# [Data in this exercise]
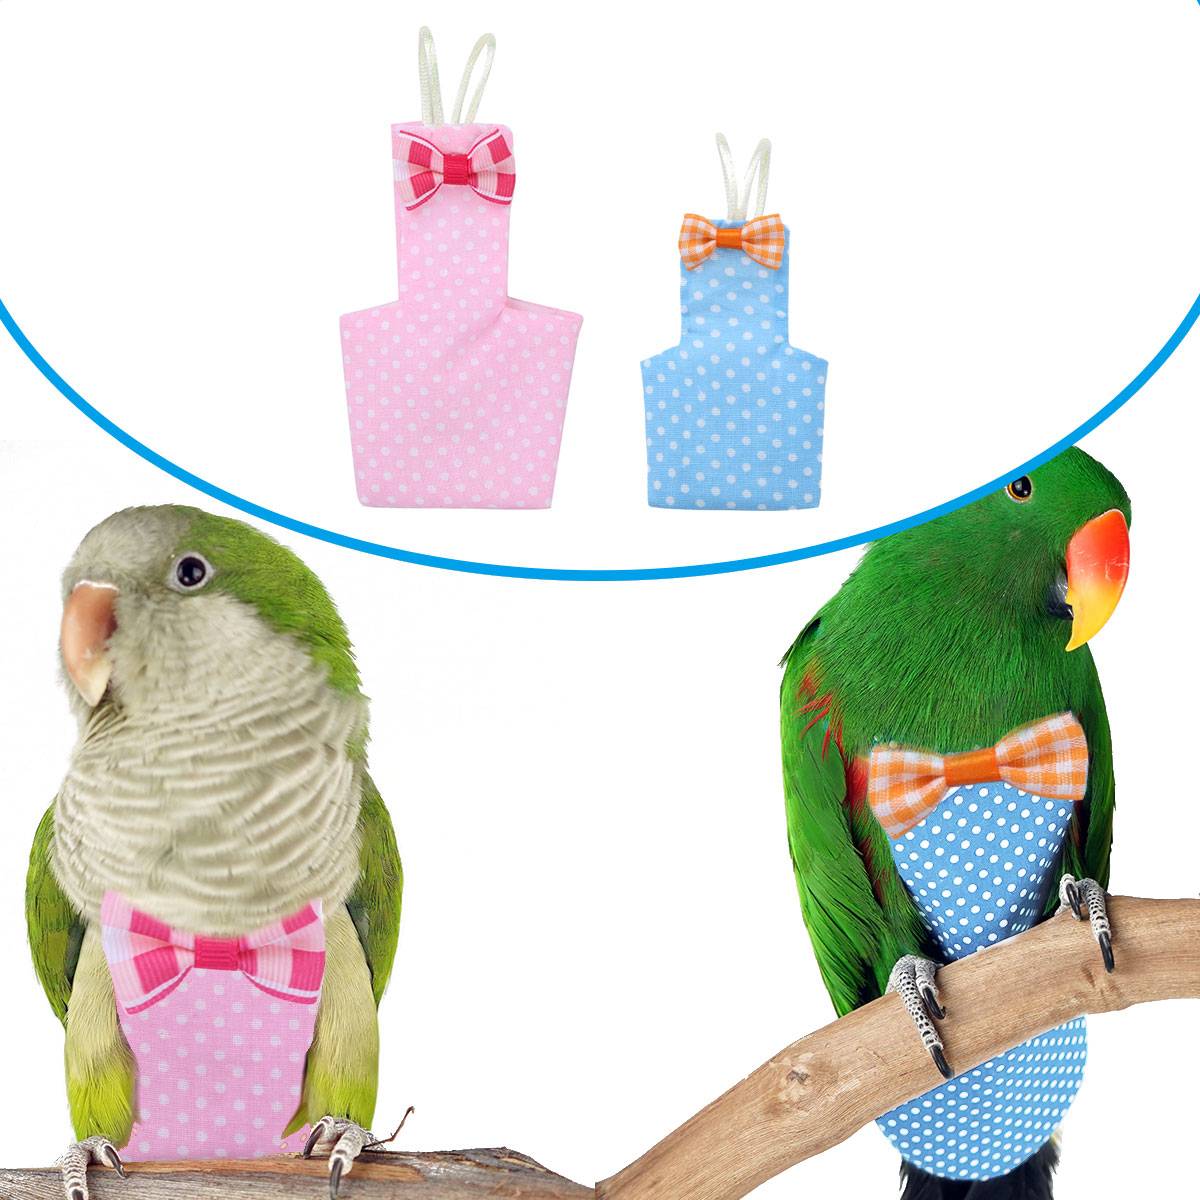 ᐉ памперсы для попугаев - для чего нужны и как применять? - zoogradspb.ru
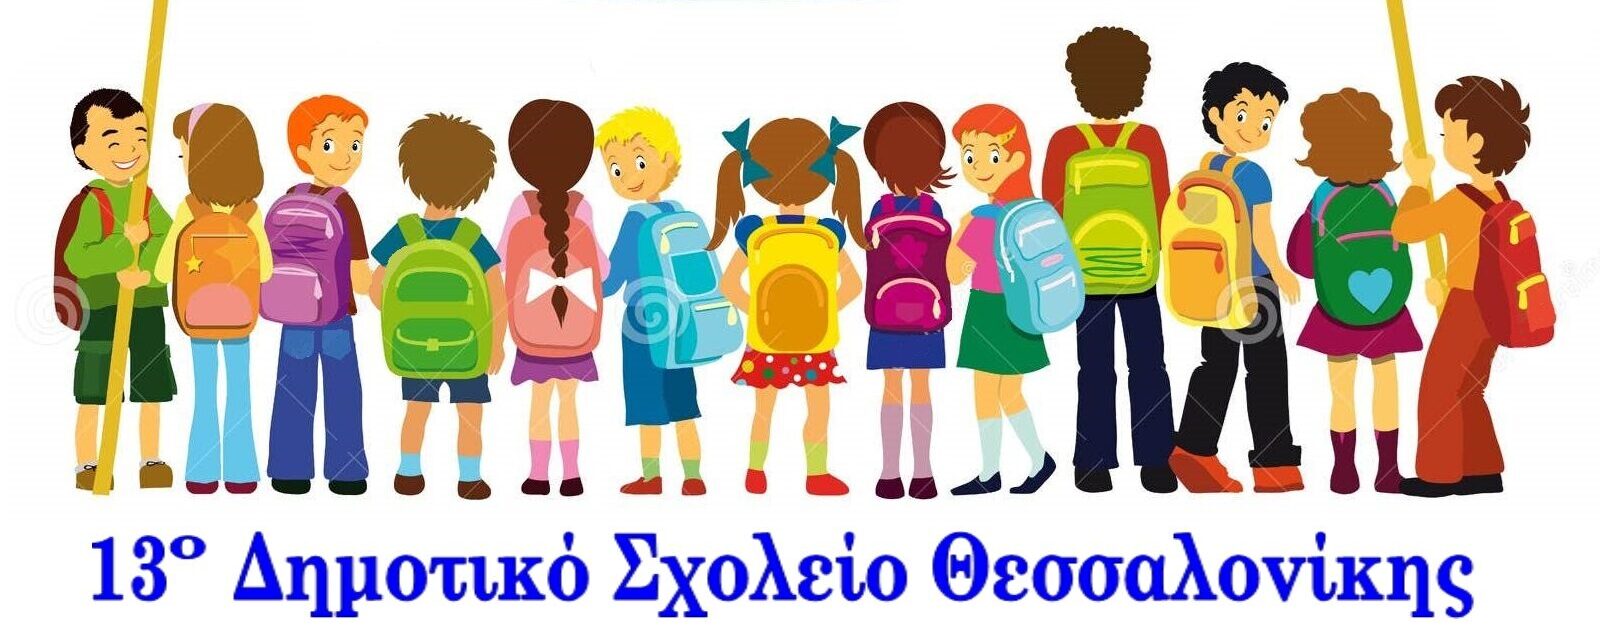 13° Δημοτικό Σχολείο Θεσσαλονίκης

--

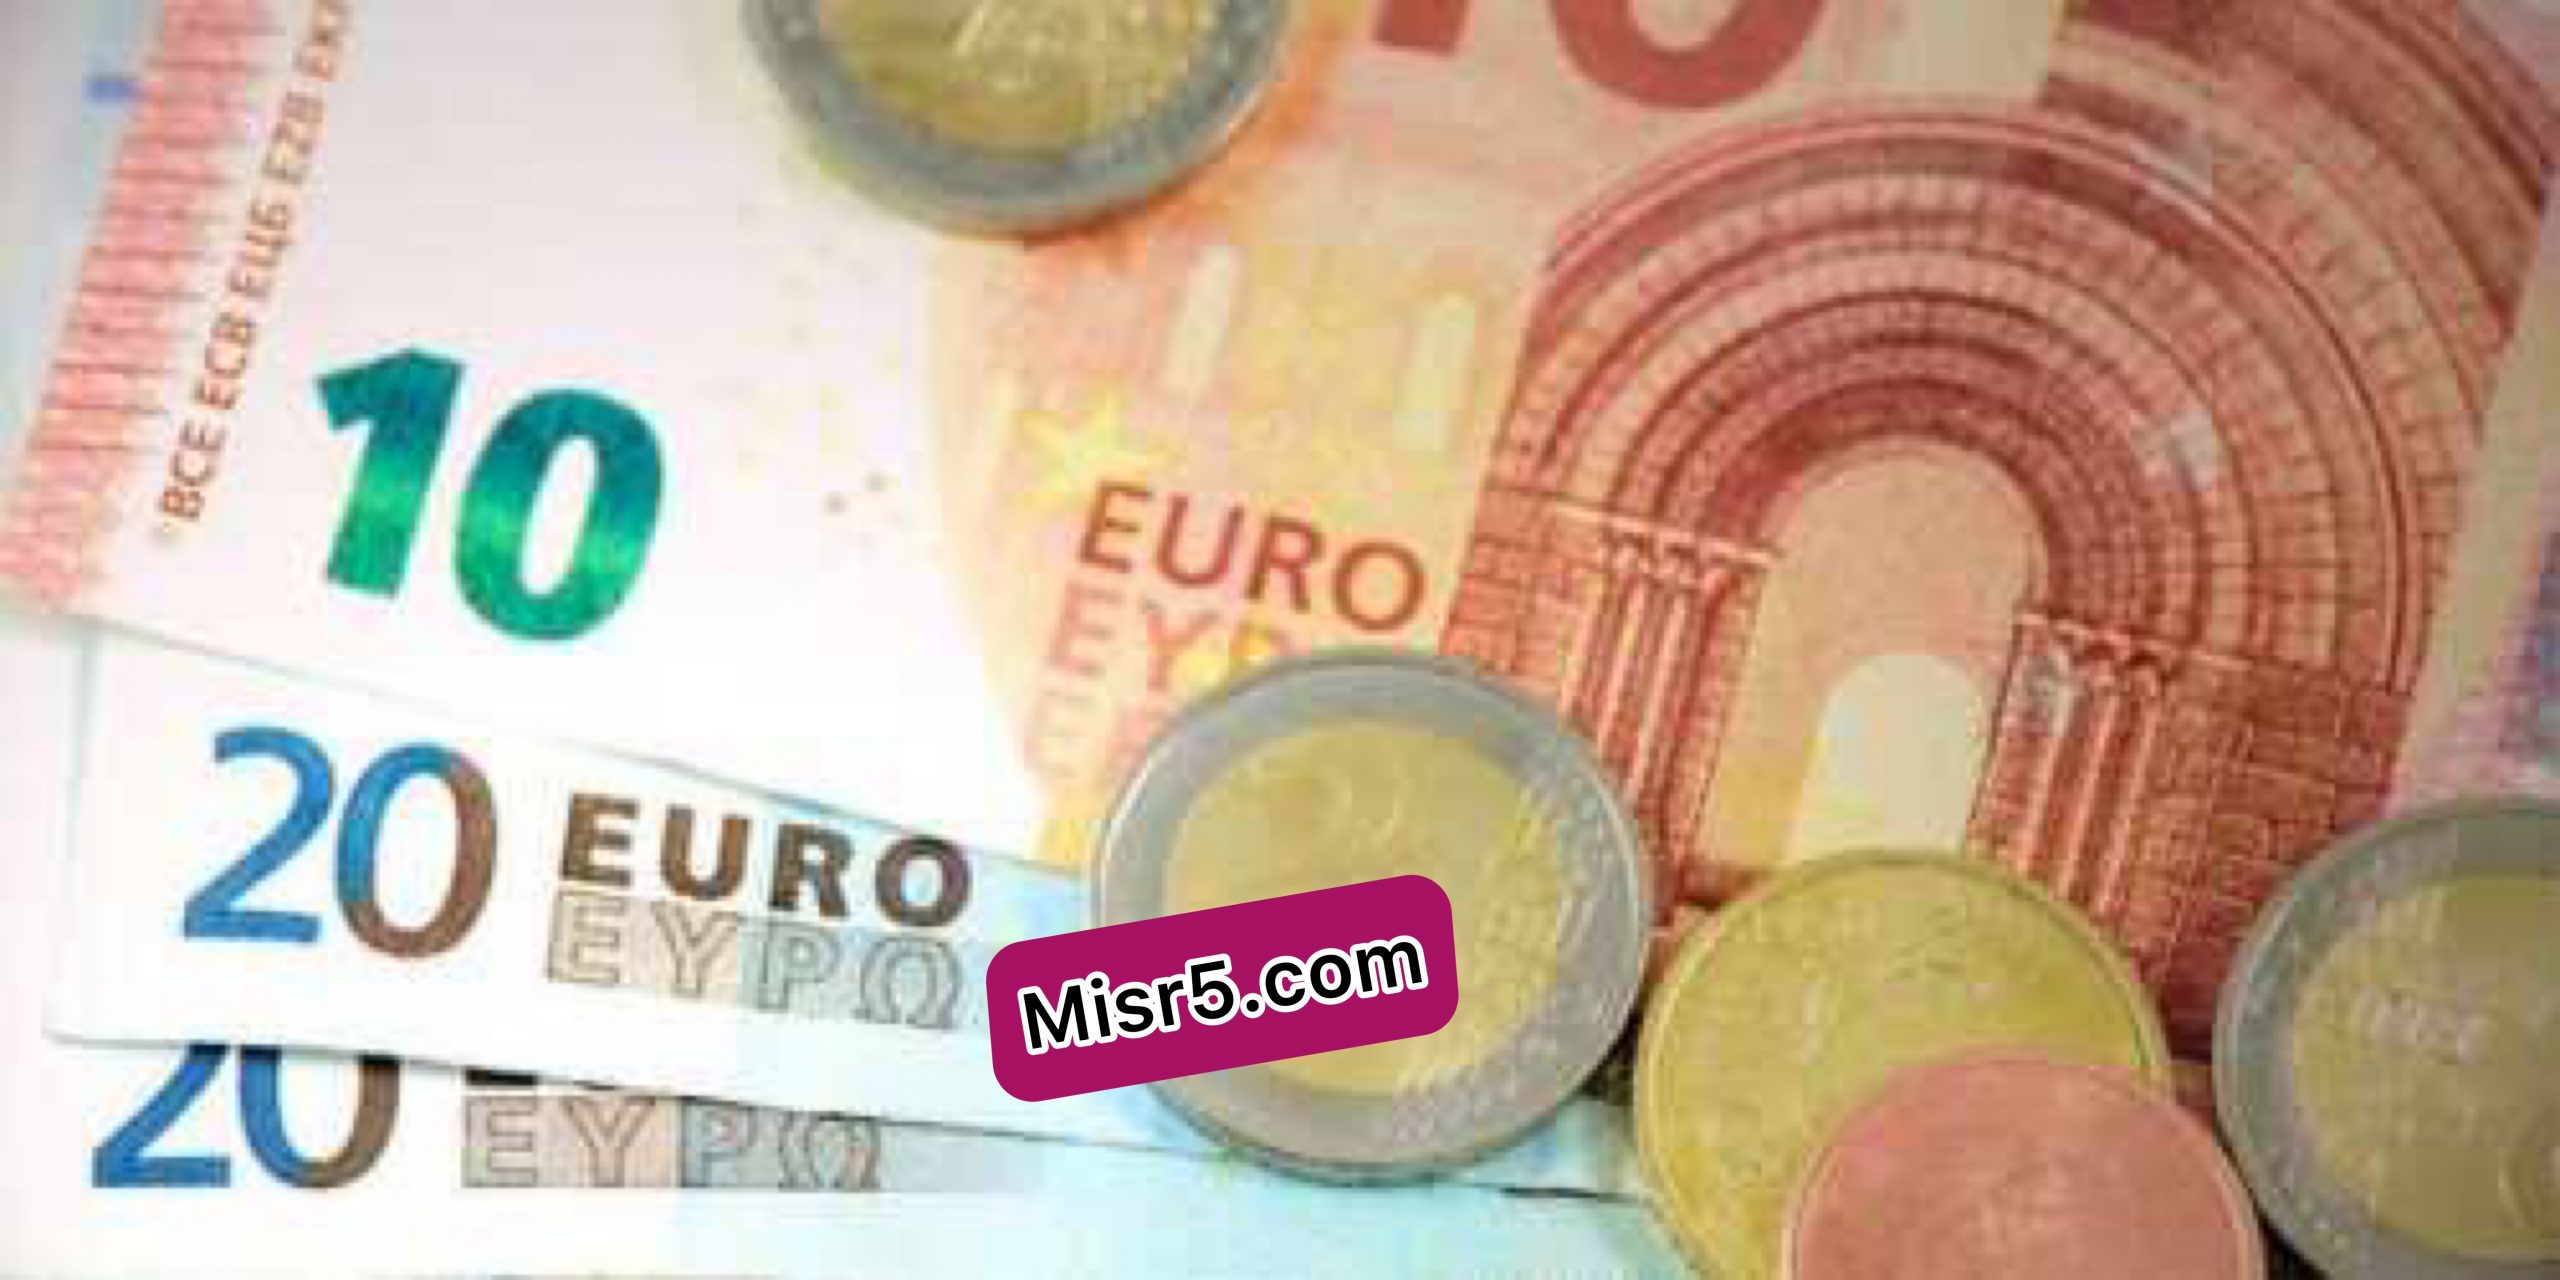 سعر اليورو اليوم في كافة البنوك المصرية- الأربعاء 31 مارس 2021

==

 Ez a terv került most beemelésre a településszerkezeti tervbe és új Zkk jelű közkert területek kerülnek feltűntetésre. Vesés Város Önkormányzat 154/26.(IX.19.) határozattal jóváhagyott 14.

# [Exercise requirements]
Give exactly the lines above that run from the line with "ᐉ памперсы для" to the line with "13° Δημοτικό Σχολείο Θεσσαλονίκης", both included, leaving every picture out.

# [Solution to this exercise]
 ᐉ памперсы для попугаев - для чего нужны и как применять? - zoogradspb.ru
 13° Δημοτικό Σχολείο Θεσσαλονίκης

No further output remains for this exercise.